The EMOTIONAL barriers could involve anger, fear, anxiety, hostility, and frustration. The patient may not want to press on with the idea as they may be already going through a lot and may look at this in a negative light. There could also be mistrust and disconnection with low self-esteem (“Why should Jesus care about me?”). They could also be embarrassed. The patient could be lonely (“Jesus can’t give me connection”) and also angry (“If he cares, why doesn’t he help me out?”). “Pain is causing all my problems!” The patient may have suffered trauma, negative health/faith, relationship, and life experiences as well as past injustices.
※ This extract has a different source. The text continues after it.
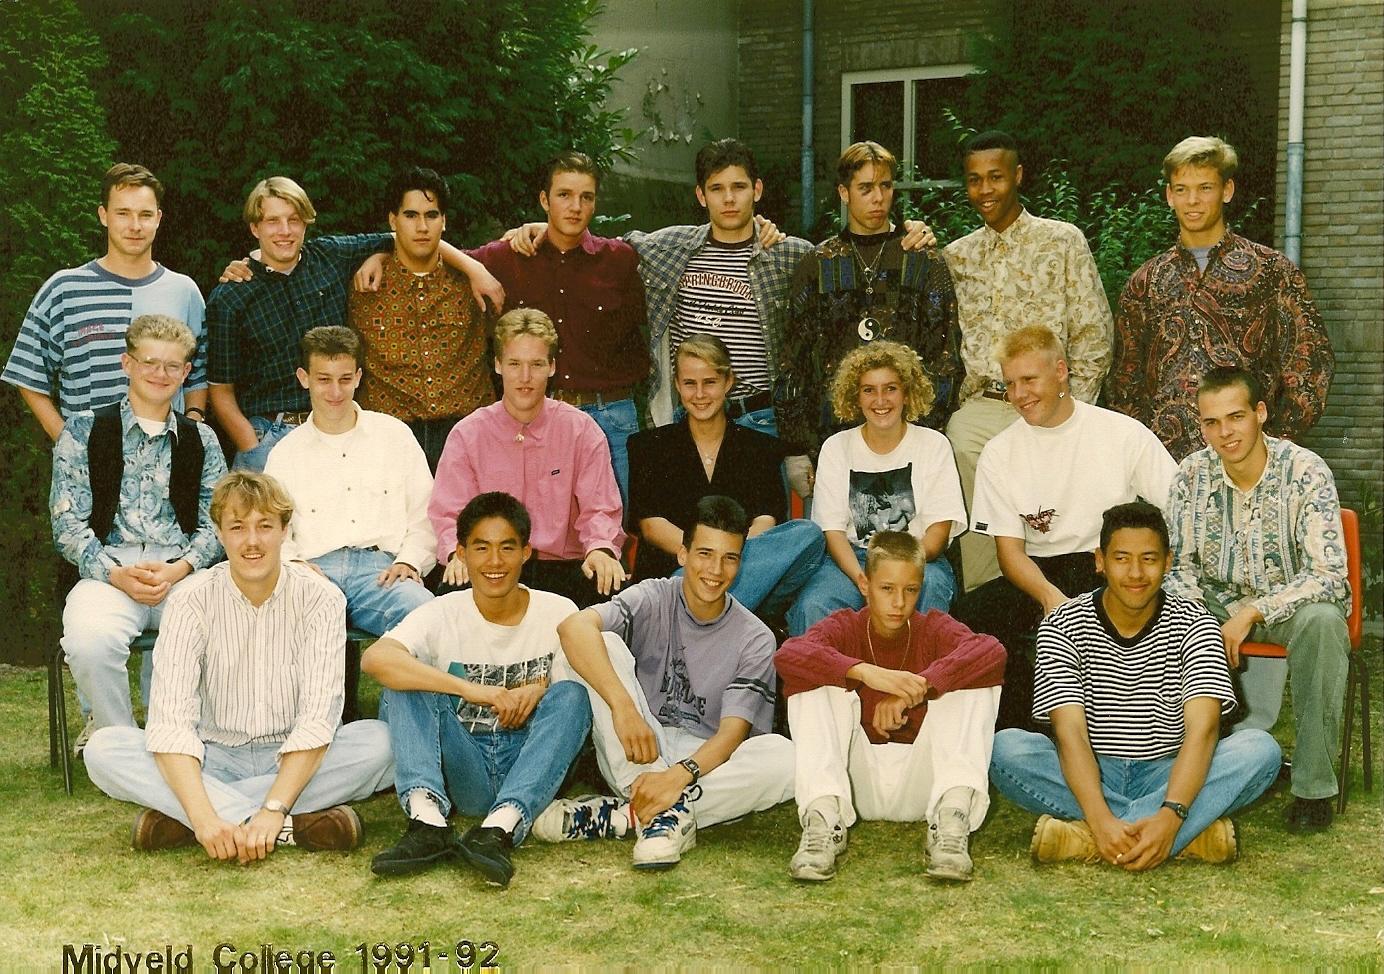 Midveld college foto

The INTELLECTUAL barriers involve disbelief, suffering, the meaning of life and priorities, ignorance, misconceptions and erroneous beliefs. The patient could be atheist, have cultural taboos or consider faith matters outside of expectation of the health model. There may be other concerns they feel are greater, as well as other beliefs. Different world views/beliefs lead to questions such as, “Does God even exist?” or “Why would he make me this way?” The patient may say they know what is best for them.
The patient may not be aware (or yet had their minds opened by the Holy Spirit) of evidence of the Bible. They could also have an intellectual/developmental disability. They may not understand what is being said and perceive the message in a different way.
There may be a lack of spiritual/emotional/religious language and understanding. Spiritual experiences may seem foreign. They may be side-tracked by rights vs responsibilities. They may believe that a hysterectomy will solve all their problems!
VOLITIONAL barriers were identified as a patient not willing to consider faith matters – perhaps they have had a negative past experience with religion. One attendee saw this barrier as related to emotional barriers and a need for control and certainty. There is generally societal hostility towards Christianity.
“I know what I need!” might be their attitude, maintaining a continued desire to serve self. They may be worried about “What will I be giving up to follow Jesus?”
Patients may be afraid of changes that need to happen after already giving so much or have an unwillingness to change. They may be bound by social and practical pressures, or focussing on other priorities such as their physical ailment and the reason they attended hospital. They may have time and life pressures.
Each attendee had the opportunity to act as themselves and also role-play being the patient. Appreciation of active practice in taking a spiritual history was evident by the enthusiastic participation.
Worksheets were returned by most participants after an in-depth discussion post slide presentation. Some faith stories are very personal.
The Saline Taster Workshop was very well received by all participants. This two-hour option made it possible for a married couple (both involved in healthcare) to organise baby-sitting and to attend together. One participant went on to join the next full-day training course in Sydney a few months later. Two participants had attended the full-day course previously but appreciated an update on the changed standards of medical care and also a refresher of spiritual history-taking. All participants agreed that the opportunity to hear from a wide range of experiences and the chance to learn and practise spiritual history-taking were invaluable. The trainers were encouraged to present this to IHS Global as a further option for training.
*Saline Scenarios run for an hour on the first Wednesday of every month from 8.30pm. Zoom details can be requested from Georgie Hoddle: email@example.com
Georgie Hoddle, a retired Registered Nurse, strives to work in Christ-centred initiatives. She regularly writes for Luke’s Journal and the Nurses Christian Fellowship Australia’s publication, Faith in Practice.